Nel caso esaminato dalla Cassazione, un
utente aveva chiesto il
risarcimento del danno derivato dall’
interruzione della somministrazione di energia elettrica da parte della
società erogatrice; quest’ultima aveva allegato la prova di
condizioni metereologiche avverse, le quali, a suo parere, erano state la causa del distacco del cavo e della conseguente interruzione del servizio. Tali condizioni meteo risultavano però
descritte in modo astratto, senza che fosse stata allegata alcuna prova circa l’effettiva
entità delle stesse.
La
Corte di Cassazione si è espressa sulla vicenda con la
sentenza n. 32498/2019, stabilendo che, anche se si prova la sussistenza di condizioni meteo sfavorevoli, se non emerge nulla circa la portata di queste ultime e quindi della
“possibilità delle stesse di essere apprezzate come effettivamente straordinarie e tali da superare le necessarie misure di prevenzione e manutentive idonee a evitare le conseguenze di situazioni naturalmente prevedibili”, sussiste violazione dell’art.
2050 c.c.
La Suprema Corte ha infatti evidenziato che
“il fatto come accertato dal giudice di merito non permette di essere sussunto ovvero legalmente ricondotto nella fattispecie di fortuito rilevante ai fini dell'interruzione del nesso causale escludente la responsabilità da attività pericolosa”. Dunque, viene
richiesta non solo la prova dell’evento atmosferico, ma anche della misura e della portata dello stesso.

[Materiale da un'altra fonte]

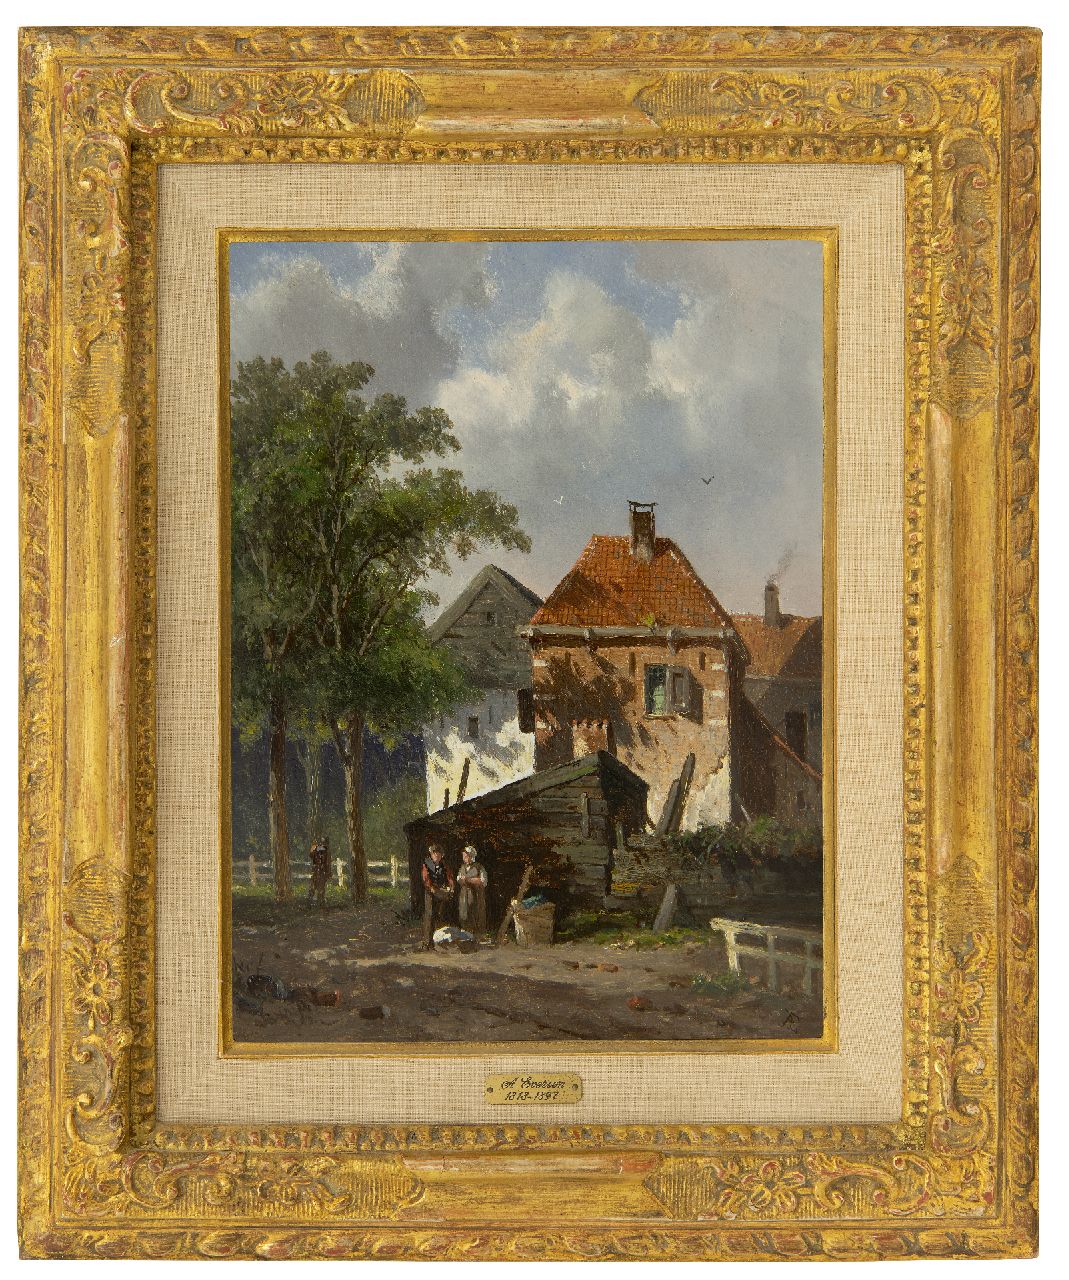 Eversen A.  | Adrianus Eversen | Schilderijen te koop aangeboden | Zonnig dorpsgezicht, olieverf op paneel 27,0 x 20,0 cm, gesigneerd rechtsonder met monogram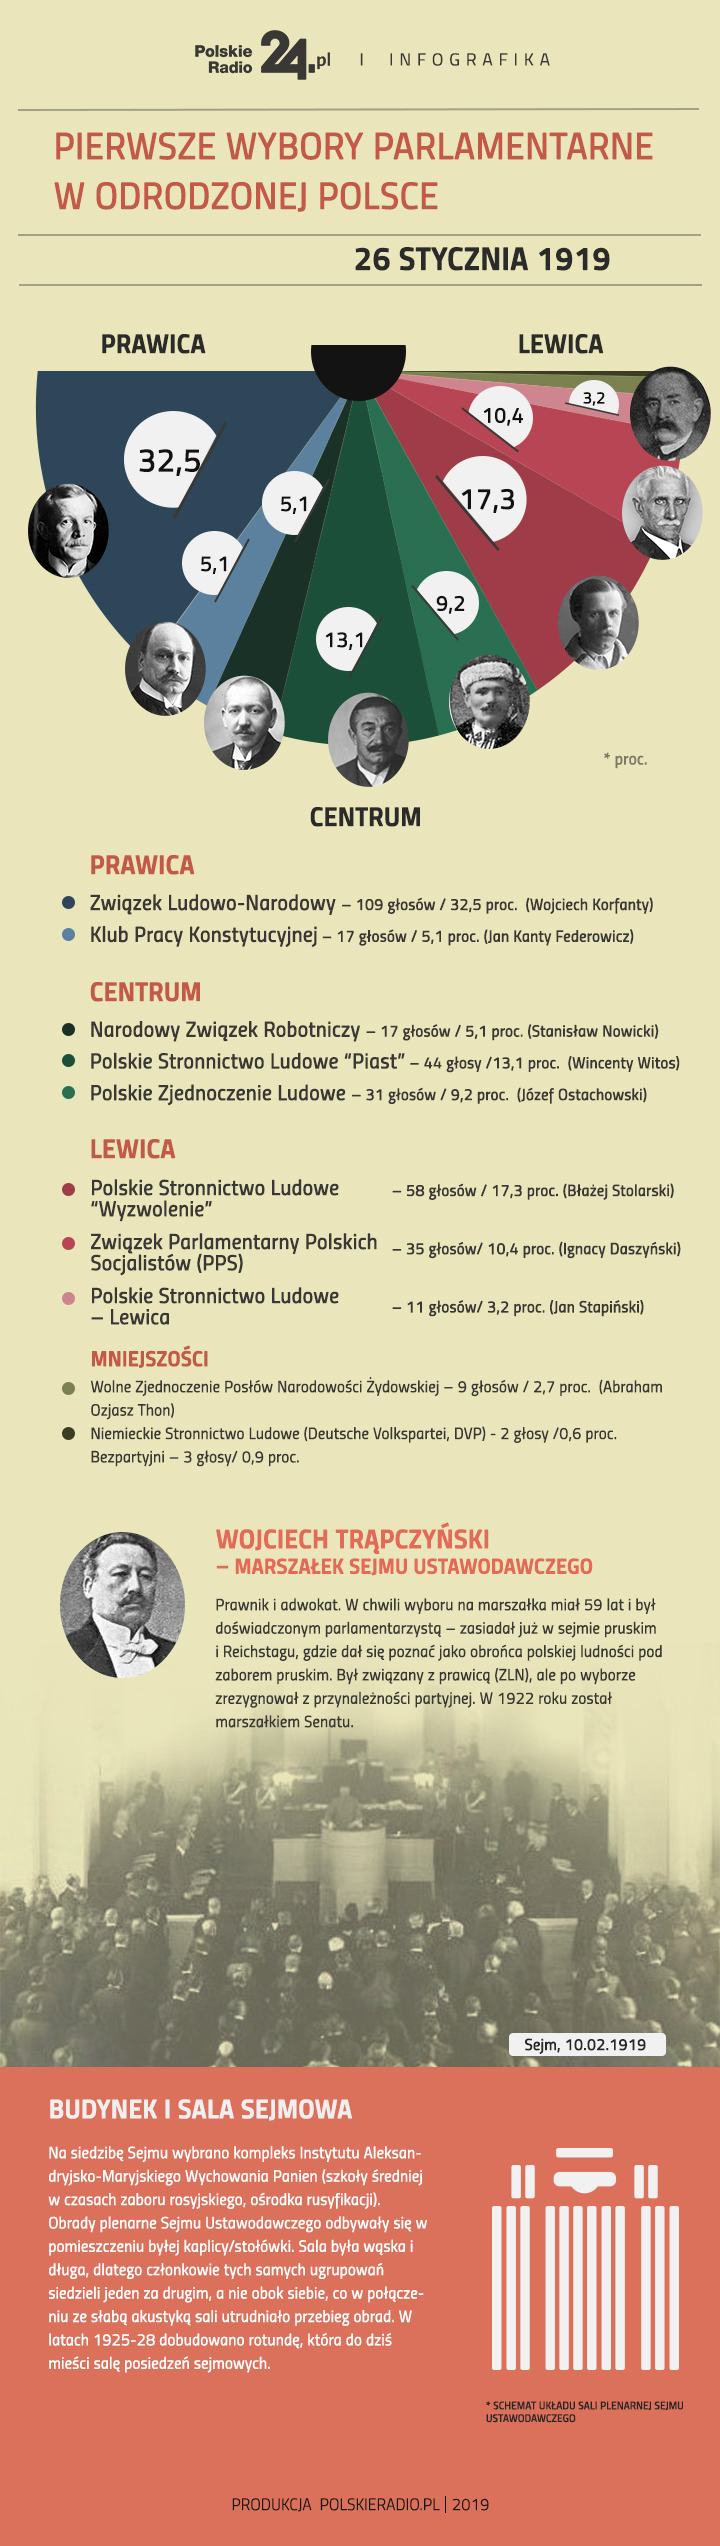 Podział głosów w Sejmie Ustawodawczym. Infografika: Polskie Radio/Bartłomiej Makowski (red.)/Łukasz Haponiuk (graf.)

La Cassazione aveva già in passato stabilito (sent. n. 5144/1997) che
è sull'ente erogatore di energia elettrica, convenuto per il risarcimento del danno,
che incombe l'onere di provare che l'interruzione del servizio sia dipesa da una delle cause di giustificazione (che possono essere
forza maggiore, lavori di manutenzione, esigenze di servizio, cause accidentali, scioperi) previste nella specifica clausola contrattuale di
esonero, espressamente sottoscritta dall'utente all'atto della conclusione del contratto.
In questo caso la Suprema Corte aggiunge anche qualcosa di più, e cioè che la prova dell’evento è sì condizione necessaria, ma non anche sufficiente ad escludere la responsabilità del somministrante, essendo necessario provare anche l’entità dello stesso.
Inoltre, la Cassazione aggiunge un ulteriore principio:
la produzione ed erogazione di energia elettrica costituisce attività pericolosa ai sensi dell’art.
2050 c.c. e
non sussiste discrimine tra utenti e non utenti: la responsabilità per tale attività prescinde dal fatto che ci si riferisca a rischi da contatto oppure da guasti alla distribuzione, nonché dalla circostanza che possano essere interessate solo alcune categorie di
persone (gli utenti) ovvero un numero indiscriminato di persone.